Introduction

This is a new series where I’m documenting the entire process of building my 6th SaaS product.

It’s an app that connects all the knowledge in your team and makes it super accessible:

You can read more about the idea in part 1.

It’s called Horizontal

Be honest, please:

Integration hell

In order to build something like this, first, I need to integrate tons of applications, including:

Gmail
Google Drive
Dropbox
Calendar
Notion
Trello
Linear
Slack
S3
GitHub
Jira
etc

This is what most companies use to handle product development, marketing, sales, engineering, support, etc. This is where the important information lives.

To be able to search through the content, I need to get it from these APIs and store it locally in my database.

For the MVP version, I’ll choose 3 or 4 of those and integrate their APIs into my app. I think I’ll start with these:

Drive
Slack
Linear or Jira

That’s already an annoying task:

Different auth methods
Different APIs (rest API, GraphQL, rpc)
Rate limits
Webhooks
etc

On top of that, I need to create some kind of abstraction that makes sense for all of those.

On top of that, I need to:

Get old content (using APIs)
Get new content near real-time (using webhooks)

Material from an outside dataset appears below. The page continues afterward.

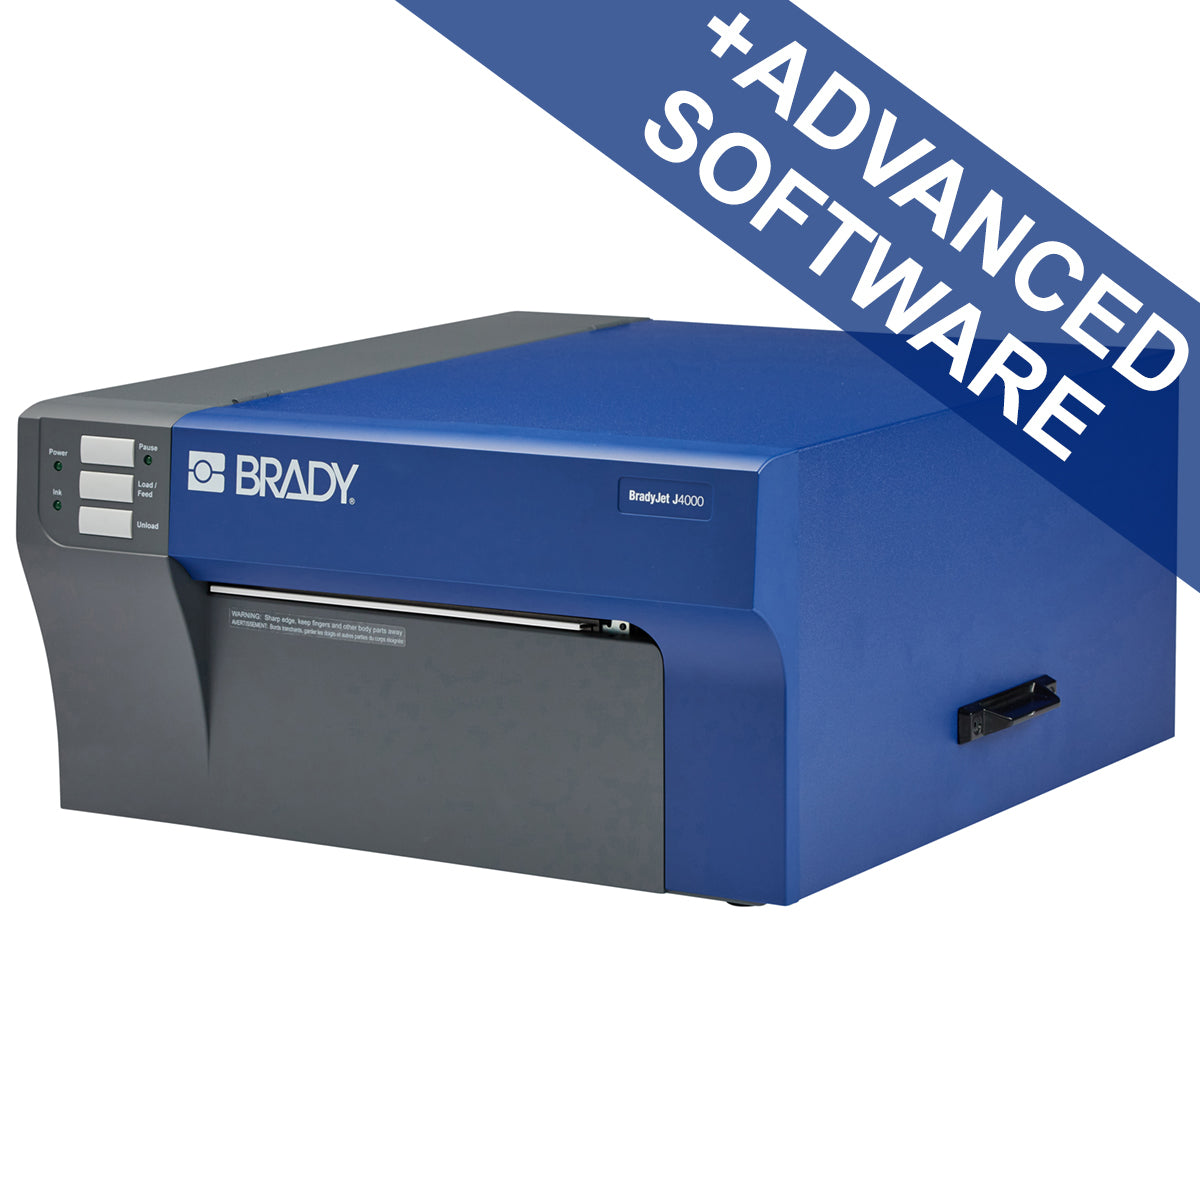 310389 - Stampante a colori per etichette BradyJet J4000 con software Identificazione prodotti e fili

This way, I can maintain an up-to-date representation of a team’s Drive folder, for example.

But that’s the easy part.

Now comes the hard part.

Indexing terabytes of data

Let’s focus on Google Drive for a minute. They offer:

15GB for free
100GB for $2
2TB for $10

If only a few dozen users try my app, that potentially means terabytes of data.

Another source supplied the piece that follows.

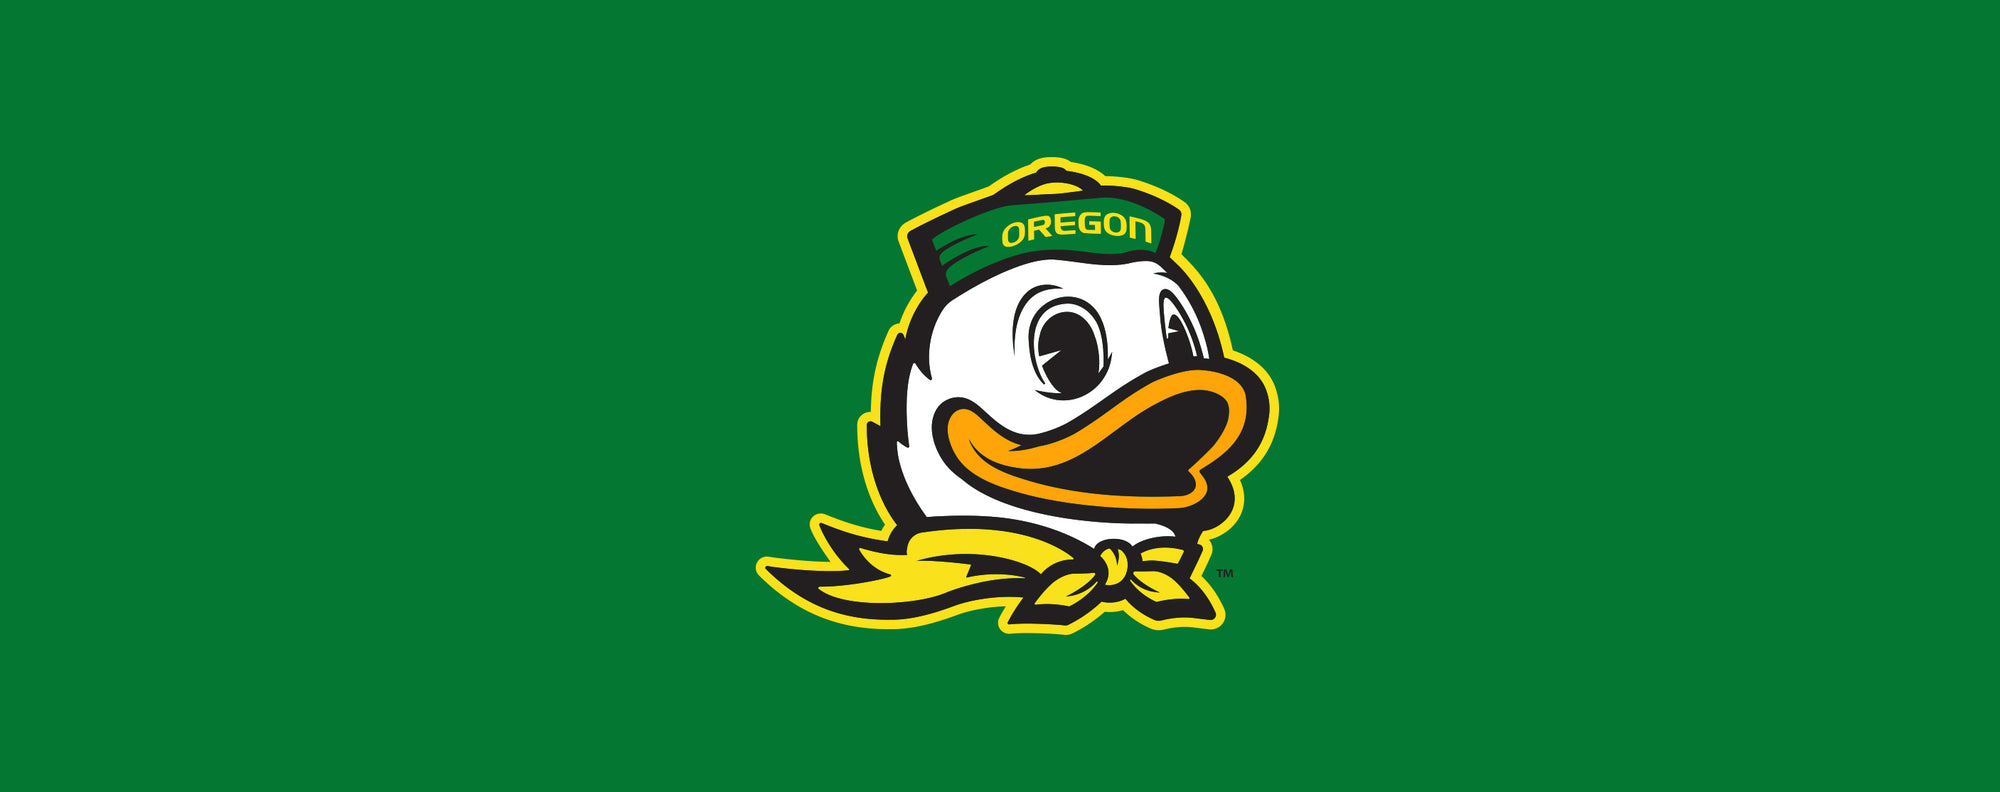 Oregon Ducks – For Bare Feet

The exact numbers and statistics don’t matter that much. The bottom line is that it’s unmaintainable.

And besides Google Drive, there are still two or three other providers.

I don’t want to maintain a 10TB database in a solo project. And it’s not even a big number. 5 users with a $10 subscription can potentially have 10TB of Drive storage.

Managing this would be very hard and expensive.

But I need to store the content if I want to run searches on it, right?

Metadata indexing

One of the possible solutions to the storage problem is only indexing file metadata (such as name, path, etc) and a preview of the document. The preview can be the first 2KB of the text, or a 2KB summary of the entire document, for example.

This way, each document can be reduced to 2-5KBs. I can probably reduce the storage requirement by ~90%.

But of course, reducing a 5MB document to a 2KB summary means lots of information loss and poor quality. So this is probably not the best solution.

Selective indexing

I can prioritize files based on different criteria such as:

Size
Type
Last updated

Size-based selection

Fully indexing files < 10MB
Extract preview or summarize files < 100MB
Metadata-only for file > 100MB

Type-based selection

Another option is to prioritize files by type:

High priority: Google-native files (such as a Google Doc, spreadsheet, etc)
Mid priority: Office docs (.docx, .xlsx)
Low priority: images, videos, zips, etc

So the app would prioritize a Google Doc over a random video.

Recency bias

I can also check when the file was last updated/accessed and use this to prioritize files:

Full indexing: files modified in the last 30 days
Preview/summarization indexing: last 6 months
Metadata-only: older than 6 months

Obviously, there’s no right answer here. For example, an 8-month-old document will be very important when you want to gain knowledge about an 8-month-old decision.

I’ll probably use a smart combination of these.

Progressive indexing

I can do the whole sync process in phases. For example, after a user registers and authorizes Drive, here’s what I can do.

Immediate

Indexing all files for metadata
Extract content from recently modified/accessed Google-native files

These would happen in background jobs that will be processed as soon as possible, so the user will see some results quite quickly.

Later

Extract content from larger files
Extract content from older files

These would also happen in background jobs, but with lower priority. Maybe in a few hours or something like that, based on the traffic.

Hybrid storage

When discussing data storage, especially in large-scale systems and cloud environments, there are three important terms:

Hot storage
Warm storage
Cold storage

Hot storage

It’s designed for data that is accessed very frequently, requires extremely low latency, and high throughput. It’s the most expensive tier per gigabyte but offers the best performance.

It’s your database. In my case, it’s Postgres.

It can store:

Metadata and preview text for all files
Embeddings for semantic search (I’ll post a dedicated issue about this topic)
The full content of the most important files

Warm storage

It’s for data that is accessed less frequently than hot data but more often than cold data. It offers a balance between performance and cost.

In my case, it’s S3 (or DigitalOcean Spaces). I’ll use it as an extension to Postgres.

It can store:

The full content of the least recently accessed files
and/or the content of larger files

The Postgres DB will store the S3 links for files that are stored there.

Cold storage

It’s for data that is rarely accessed, if at all, but needs to be retained for long periods due to compliance, archival, or disaster recovery purposes. It’s the least expensive tier but has the highest latency for retrieval.

In my case, it’s going to be the Drive API.

Which is technically not a “storage” layer, but I wanted to include a chapter about cold storage.

For some files, I can just have a reference in my Postgres DB and send an API request on demand if needed.

As you can see, I have several challenges to solve.